EXERCISE DETAILS:
With every line kept intact, print the entries that appear below.

PROVIDED RECORDS:

################

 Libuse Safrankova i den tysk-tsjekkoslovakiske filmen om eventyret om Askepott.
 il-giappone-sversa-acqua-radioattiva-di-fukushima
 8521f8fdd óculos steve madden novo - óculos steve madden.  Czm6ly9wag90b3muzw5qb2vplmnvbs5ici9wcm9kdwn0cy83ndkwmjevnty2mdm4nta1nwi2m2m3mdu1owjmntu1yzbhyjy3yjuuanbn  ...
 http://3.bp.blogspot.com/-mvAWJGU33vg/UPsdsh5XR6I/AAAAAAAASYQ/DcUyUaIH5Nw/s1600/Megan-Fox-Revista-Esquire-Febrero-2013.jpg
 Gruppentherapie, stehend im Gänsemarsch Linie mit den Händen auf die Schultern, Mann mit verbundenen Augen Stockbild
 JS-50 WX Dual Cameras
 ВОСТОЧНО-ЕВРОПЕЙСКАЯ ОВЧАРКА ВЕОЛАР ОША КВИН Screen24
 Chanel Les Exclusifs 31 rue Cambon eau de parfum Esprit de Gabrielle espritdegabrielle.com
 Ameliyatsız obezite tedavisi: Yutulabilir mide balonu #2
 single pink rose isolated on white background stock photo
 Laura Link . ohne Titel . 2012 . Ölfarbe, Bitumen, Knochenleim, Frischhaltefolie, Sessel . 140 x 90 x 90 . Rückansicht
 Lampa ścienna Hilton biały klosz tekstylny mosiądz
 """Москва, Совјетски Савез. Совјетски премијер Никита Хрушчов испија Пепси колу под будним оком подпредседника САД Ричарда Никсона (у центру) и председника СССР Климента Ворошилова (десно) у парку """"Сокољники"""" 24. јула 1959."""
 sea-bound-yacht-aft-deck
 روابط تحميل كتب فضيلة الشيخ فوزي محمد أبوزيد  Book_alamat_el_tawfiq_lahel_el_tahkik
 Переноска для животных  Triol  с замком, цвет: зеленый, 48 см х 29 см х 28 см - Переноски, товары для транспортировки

################

SOLUTION FOR THIS EXERCISE:
 Libuse Safrankova i den tysk-tsjekkoslovakiske filmen om eventyret om Askepott.
 il-giappone-sversa-acqua-radioattiva-di-fukushima
 8521f8fdd óculos steve madden novo - óculos steve madden.  Czm6ly9wag90b3muzw5qb2vplmnvbs5ici9wcm9kdwn0cy83ndkwmjevnty2mdm4nta1nwi2m2m3mdu1owjmntu1yzbhyjy3yjuuanbn  ...
 http://3.bp.blogspot.com/-mvAWJGU33vg/UPsdsh5XR6I/AAAAAAAASYQ/DcUyUaIH5Nw/s1600/Megan-Fox-Revista-Esquire-Febrero-2013.jpg
 Gruppentherapie, stehend im Gänsemarsch Linie mit den Händen auf die Schultern, Mann mit verbundenen Augen Stockbild
 JS-50 WX Dual Cameras
 ВОСТОЧНО-ЕВРОПЕЙСКАЯ ОВЧАРКА ВЕОЛАР ОША КВИН Screen24
 Chanel Les Exclusifs 31 rue Cambon eau de parfum Esprit de Gabrielle espritdegabrielle.com
 Ameliyatsız obezite tedavisi: Yutulabilir mide balonu #2
 single pink rose isolated on white background stock photo
 Laura Link . ohne Titel . 2012 . Ölfarbe, Bitumen, Knochenleim, Frischhaltefolie, Sessel . 140 x 90 x 90 . Rückansicht
 Lampa ścienna Hilton biały klosz tekstylny mosiądz
 """Москва, Совјетски Савез. Совјетски премијер Никита Хрушчов испија Пепси колу под будним оком подпредседника САД Ричарда Никсона (у центру) и председника СССР Климента Ворошилова (десно) у парку """"Сокољники"""" 24. јула 1959."""
 sea-bound-yacht-aft-deck
 روابط تحميل كتب فضيلة الشيخ فوزي محمد أبوزيد  Book_alamat_el_tawfiq_lahel_el_tahkik
 Переноска для животных  Triol  с замком, цвет: зеленый, 48 см х 29 см х 28 см - Переноски, товары для транспортировки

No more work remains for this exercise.